As the story emerges about how Wikileaks’ US diplomatic cables came to be available in an unredacted, unencrypted form this week, potentially harming the safety of many informants and other vulnerable people, one obvious lesson is again in evidence:

People are the weakest link in any encryption system.

The potential for human error is constant and unswerving, and so the odds were always that eventually, somehow, somebody would screw up — even somebody as security obsessed as Julian Assange was not exempt. It’s a common cliché to posit that “information wants to be free”; perhaps it is more accurate to say that for information, being encrypted is an unstable state — either the password is soon forgotten or taken to the grave and the information disappears from the universe, or else some blunder eventually allows it to escape to the world at large. For information, in the long run, it’s more “Live free or die”; there is no stable intermediate state. Conspiracies are short-lived at best because humans are fallible; those Knights Templar successfully defending the Holy Grail across the millennia exist only in bad fantasy fiction.
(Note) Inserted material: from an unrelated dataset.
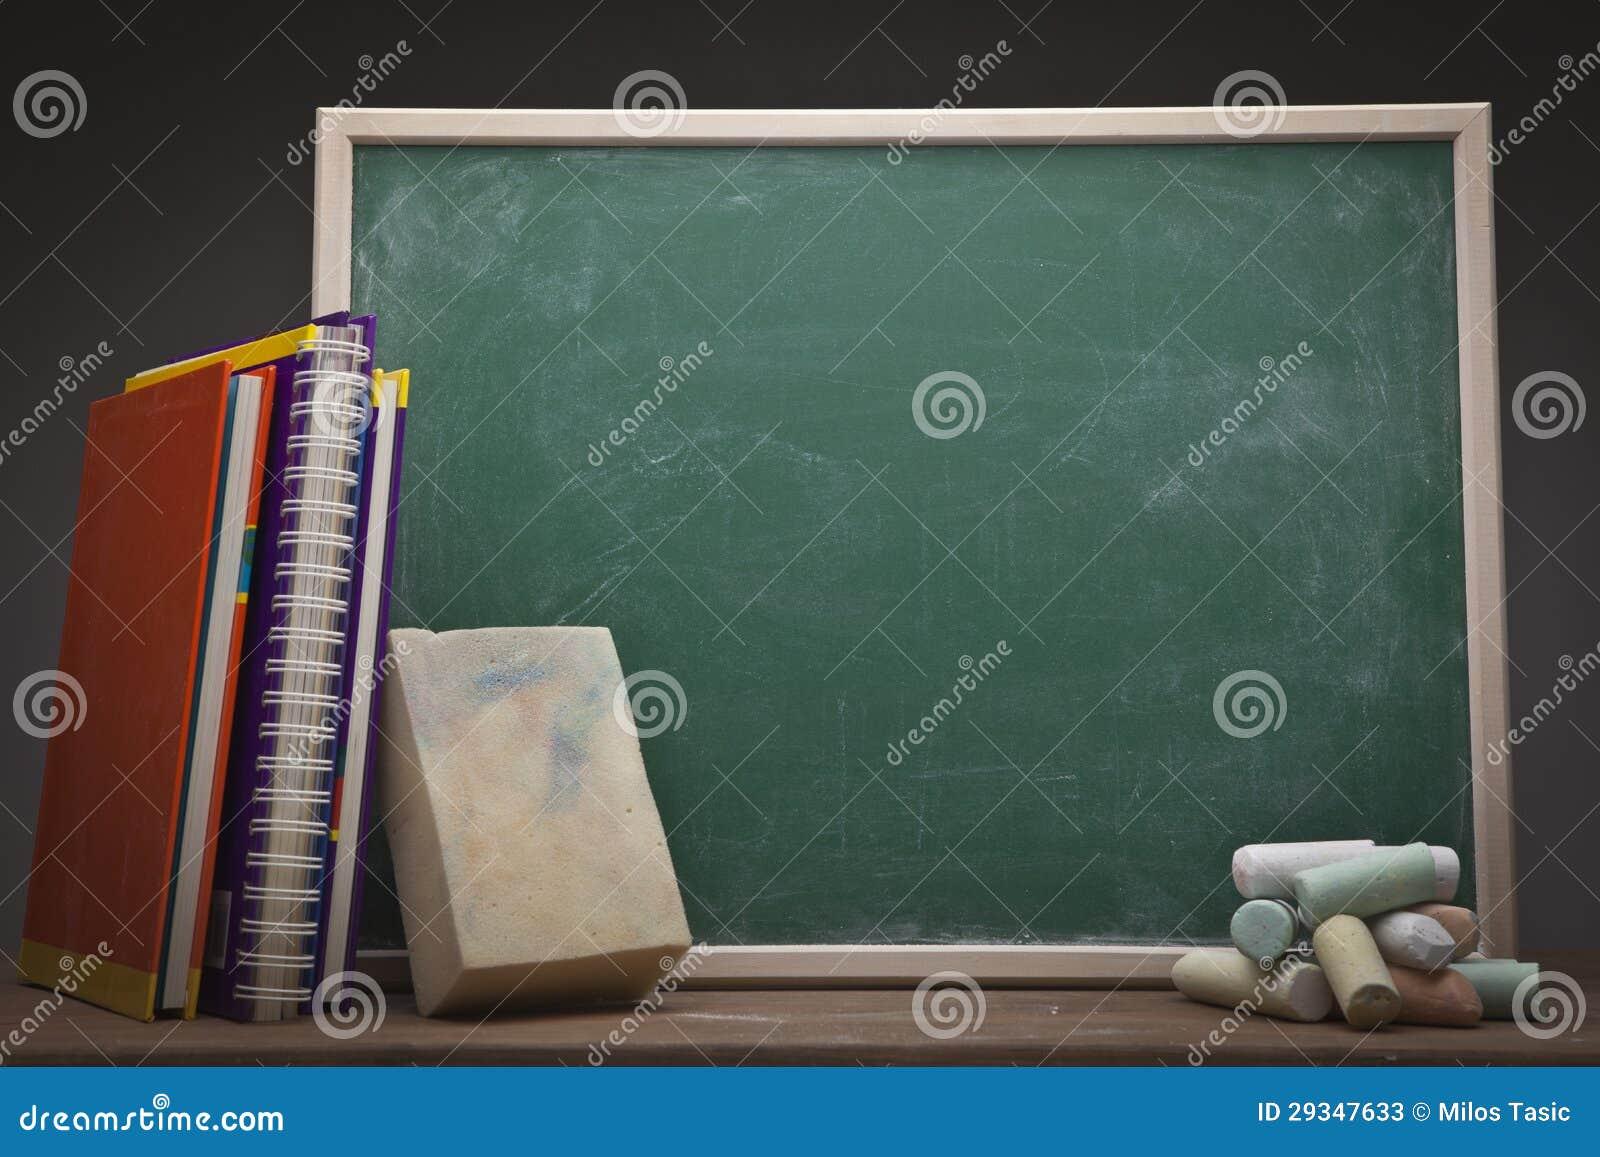 Schultafel mit kreide clipart  Leere Schultafel stock abbildung. Bild von tafel, anteil - 37455183
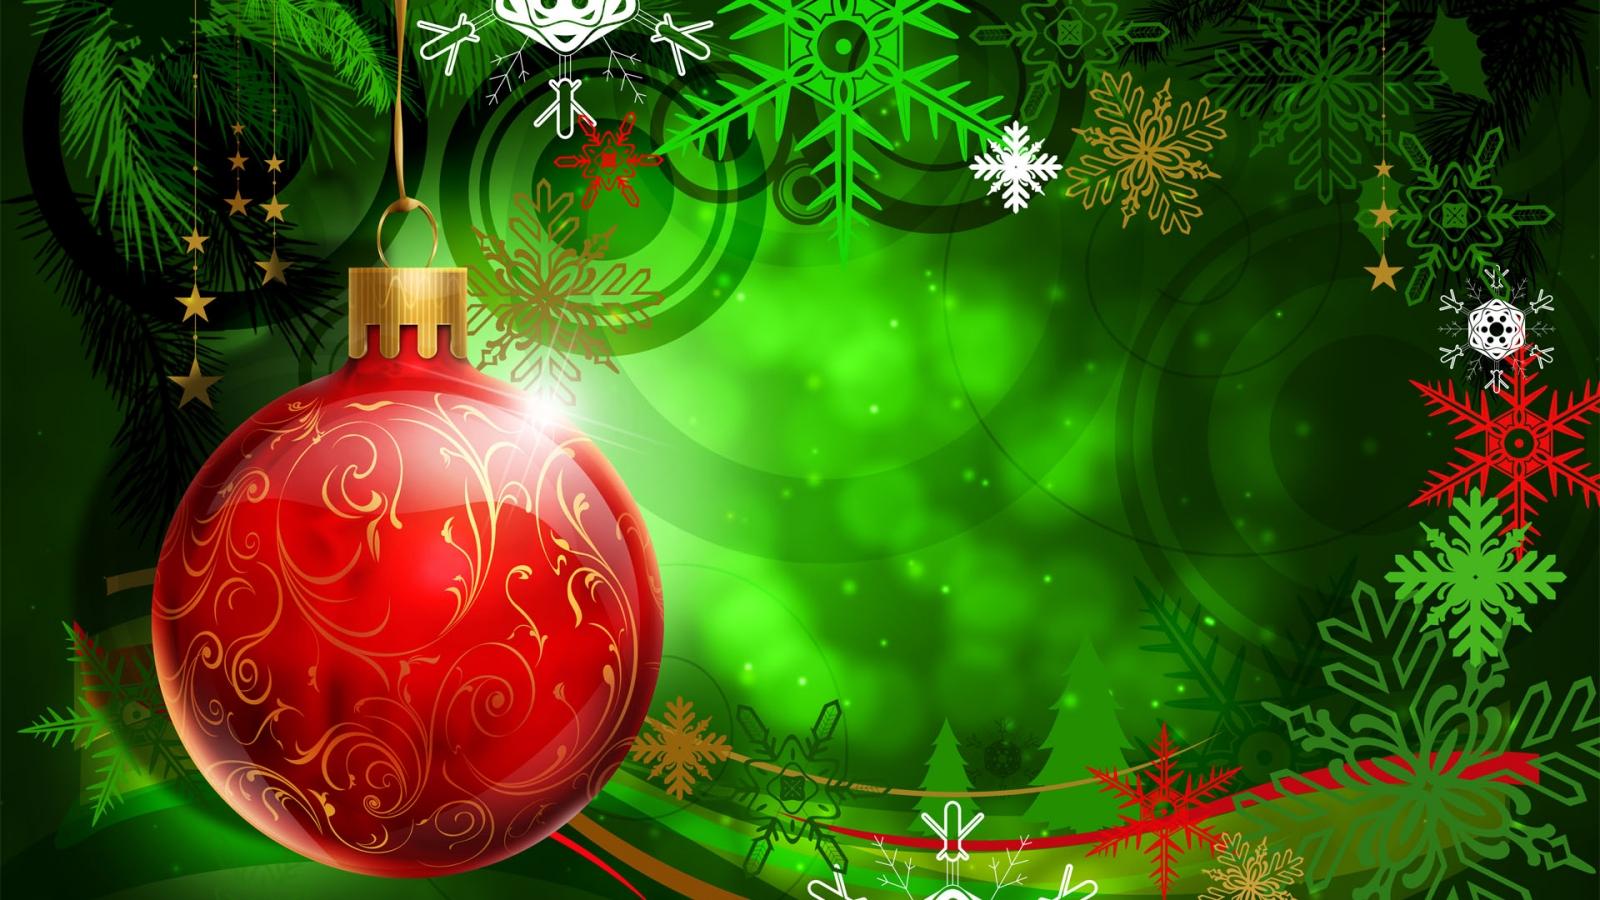 Una esfera roja en arbol de navidad dibujo - 1600x900

The 500MB BitTorrent file that contains all the cables unzips to around 60GB of HTML files — my computer’s been at it for over 8 hours and counting. I can’t not rifle through this trove now that it is in the wild, of course. Previously, I was frustrated that I couldn’t just do text searches on all the content for my own ad hoc investigative reporting, although I understood and approved of the reason why. Now that this information is in the open, we can’t just let those with nefarious motives read them — we all need to read up, so that there is some hope for a silver lining. (If I find anything relevant to Dliberation’s remit, I’ll blog it of course.)

It looks like we will after all have to adjust to living in a global society where radical transparency is an expected outcome, whether from customer database leaks or whistleblower actions. For a while, as The Guardian and others released redacted versions of the cables, we thought Pandora’s box could be opened just a sliver. We were wrong.